What problem does your business solve?
My friend Jolain told me that when she started her clothing line years ago, her goal was simply to make beautiful clothes. She said that wasn’t enough.
“A business has to solve a problem,” Jolain said.
When Kelly and I launched our new biz, we figured offering first-class writing workshops at non-luxury prices would answer a writer’s problem.
A writer’s challenge includes the need to:
- be a part of a community
- get published
- find a sanctuary for dangerous writing
- make time for writing
- nurture creativity and beauty in a society that overlooks the arts.
Our biz does all that.
This morning I listened to a podcast about traveling salesmen (at Field Notes Brand, a company my brother co-founded). Ron Solberg praises the tenacity and brilliance of the early traveling salespeople who often sold books. And the customers appreciated how the salesmen delivered news, as well as products. They liked the free samples.

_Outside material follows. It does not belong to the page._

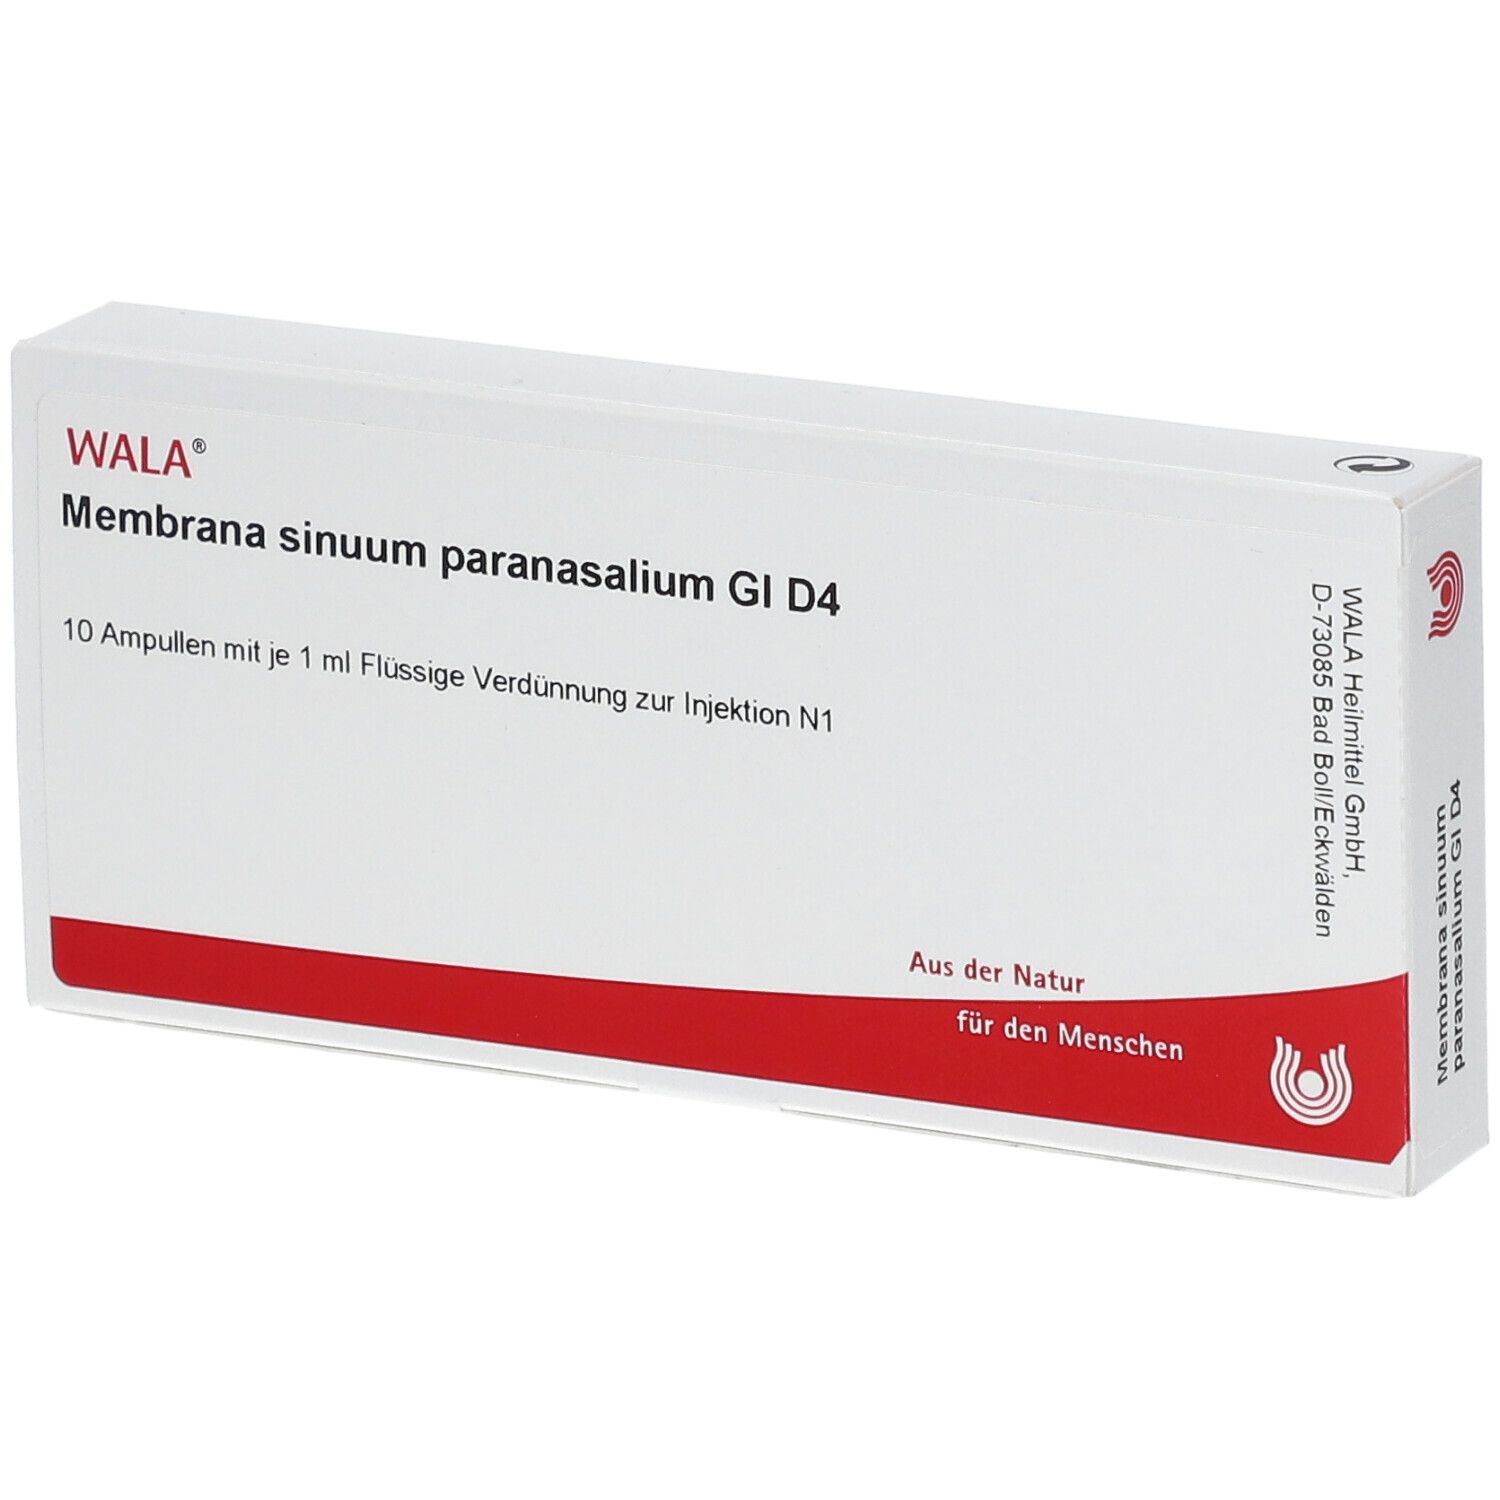 Wala® Membrana sinuum paranasalium Gl D 4
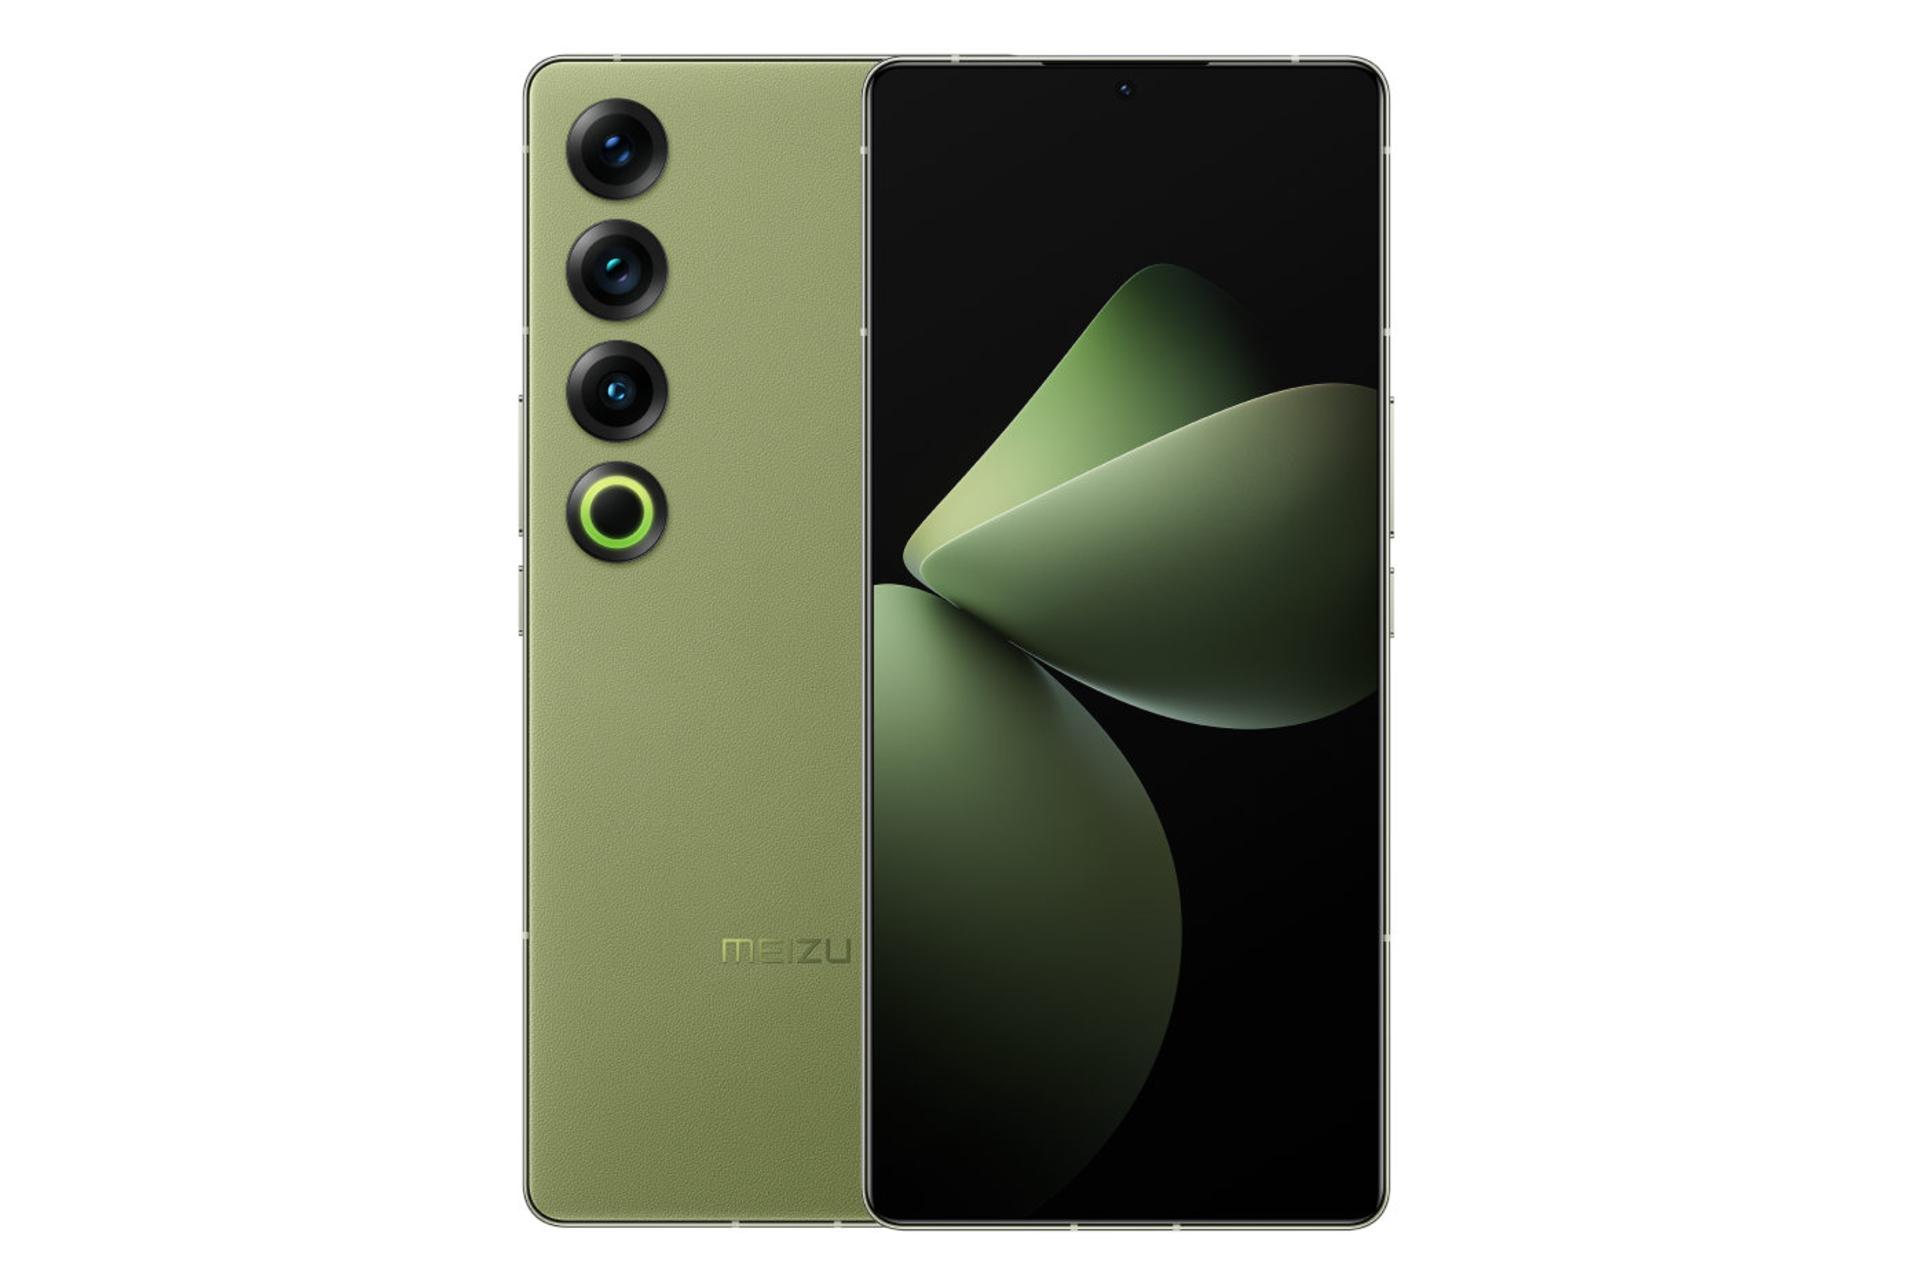 پنل جلو و پشت گوشی موبایل میزو 21 پرو سبز / Meizu 21 Pro

“The trick really was volume, the number of stops you make,” Solberg said.
And more winning advice: “Take advantage of the moment.”
In a sense, when I started the biz, I wanted to make and nurture beautiful writing the same way Jolain wanted to make beautiful clothing. But I am learning to sell as well as to create.
As a small business owner, I need to sustain my biz, so I must do both sales and art. And for both, I need to value beauty, tenacity, hard work, and being in the moment.
2 thoughts on “Fixing the Problem”
I found you via the Bloggy Moms Blog Hop. I agree that businesses need to solve a problem. But I would go one step further and suggest that they need to inspire action
Yes, be active and make something good happen!